= Celia Whitelaw, Viscountess Whitelaw =

British viscountess

Celia, Viscountess Whitelaw (1 January 1917 – 5 December 2011) was the wife of William "Willie" Whitelaw, MP, former Home Secretary, Deputy Prime Minister and aide to Margaret Thatcher.

==Early life==
Born as Cecilia Doriel Sprot (she later changed her name to Celia) at her family home, Riddell Estate near Melrose, to Major Mark Sprot of the Scots Guards and his wife, Meliora (née Hay), a daughter of Sir John Hay, 9th Baronet. Among her siblings was the British Army officer Aidan Sprot.

She attended school at the now defunct Oxenfoord Castle boarding school in Midlothian. During World War II, she volunteered to serve with the Women's Auxiliary Territorial Service (ATS) and was posted to Edinburgh Castle as a clerk with the Scottish Command. She was referenced in the book, Debs at War 1939-1945: How Wartime Changed Their Lives, written by Anne de Courcy.

==Charity work==
After her husband returned to civilian life following World War II, she played an active role in helping him run his family estates in Dunbartonshire and Lanarkshire. When he decided to go into politics in the 1950s, she became first a vivacious campaigner and later an active parliamentary wife. When her husband was created Viscount Whitelaw in 1983, she became Viscountess Whitelaw, however the lack of a male heir ended the viscountcy with Whitelaw's death.
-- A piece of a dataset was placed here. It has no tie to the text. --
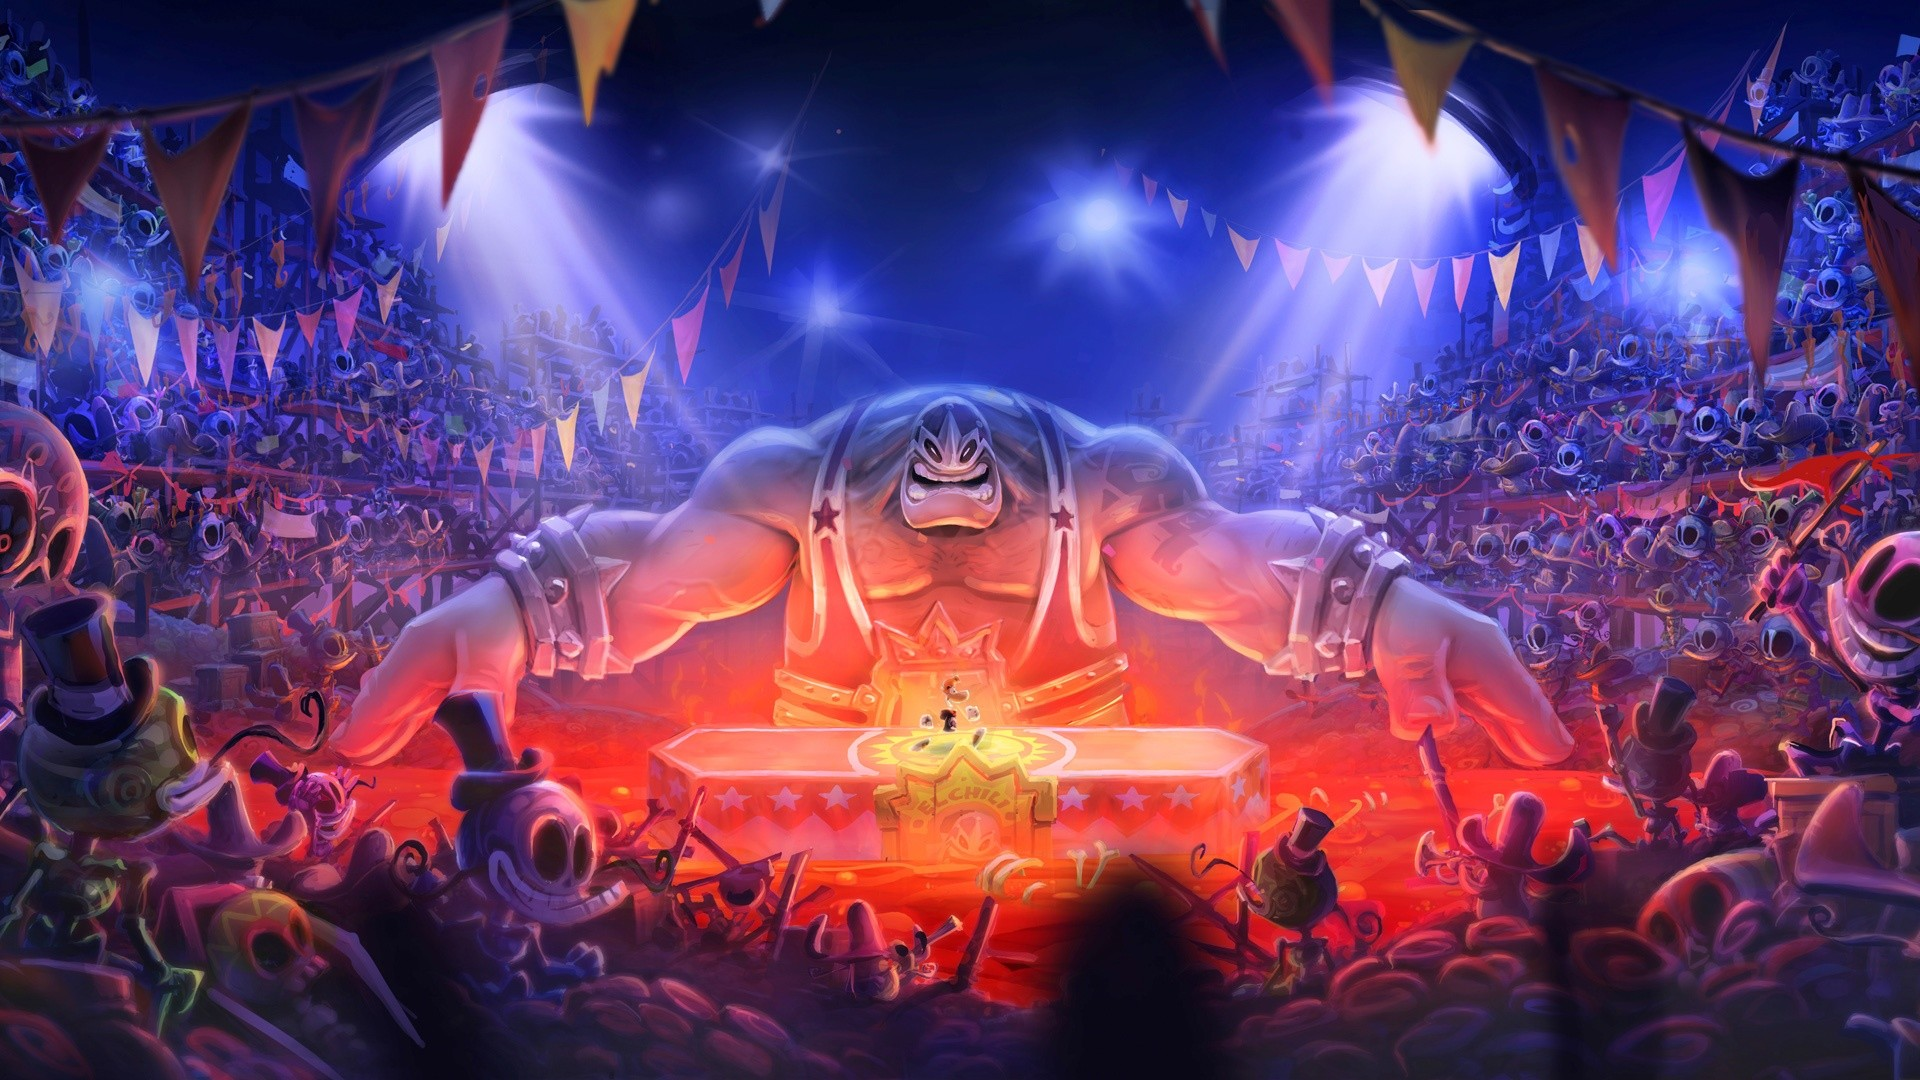 Rayman Legends Game Art Wallpapers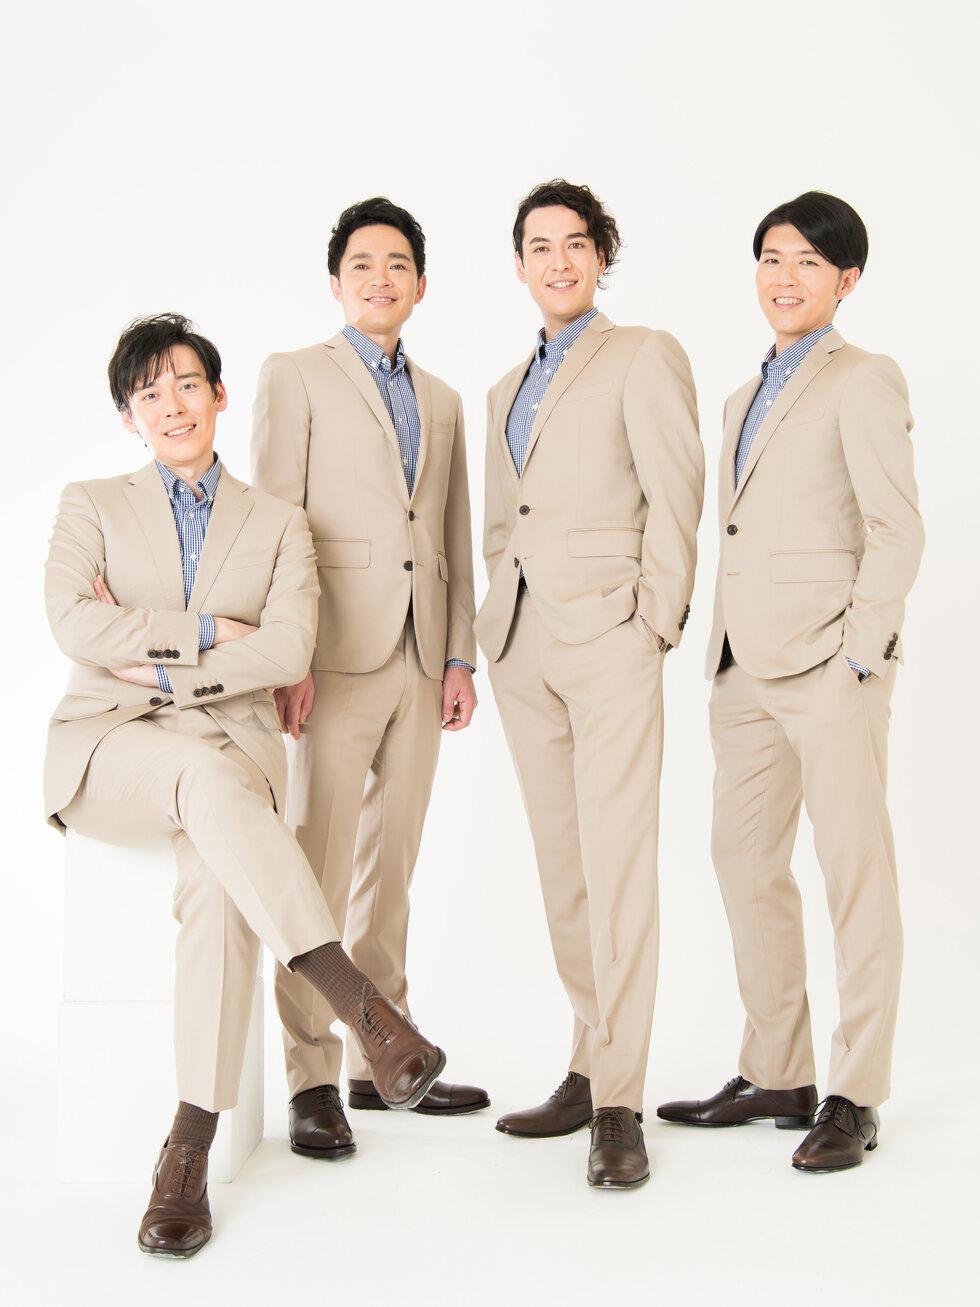 jammin'Zeb アカペラ+ONE 〜Vol.2〜【公演延期のお知らせ】8月3日15:00更新の写真

Lady Whitelaw served on the Lakeland Horticultural Society and was vice-president of the Penrith and District Gardeners' and Allotment Holders' Association.

Lady Whitelaw was heavily involved in charity work and philanthropy, including Barnardo's, British Red Cross, the Blencowe Women's Institute, Wives of Westminster, the Eden Valley hospice (in Carlisle), and the Yellow Brick Road Appeal of the Children's Foundation.

==Personal life==
She was engaged in 1942 and married William "Willie" Whitelaw in St Giles' Cathedral, Edinburgh, on 6 February 1943. Willie was a son of William Alexander Whitelaw, a member of a Scottish family of the landed gentry, who died when he was still a baby, and Helen Russell, a daughter of Major-General Francis Russell of Aden. They had four daughters:

- Hon. Elizabeth Susan Whitelaw (b. 1944), who married Nicholas Cunliffe-Lister, 3rd Earl of Swinton, in 1966.
- Hon. Carolyn Meliora Whitelaw (b. 1946), who married Robert Donald Macleod Thomas in 1973. They divorced in 1979 and she married Michael Francis Graves-Johnston in 1983.
- Hon. Mary Cecilia Whitelaw (b. 1947), who married David Alexander Coltman, son of Col. Thomas Alexander Hamilton Coltman of Daljarroch, in 1972.
- Hon. Pamela Winifred Whitelaw (b. 1951), who married Malise Charles Richard Graham, son of Maj. Sir Charles Graham, 6th Baronet, in 1974.

After her husband suffered a series of strokes from 1987, she cared for him until his death in 1999. Viscountess Whitelaw died in Edinburgh on 5 December 2011, aged 94. She was buried with her husband at St Andrew's Church, Dacre.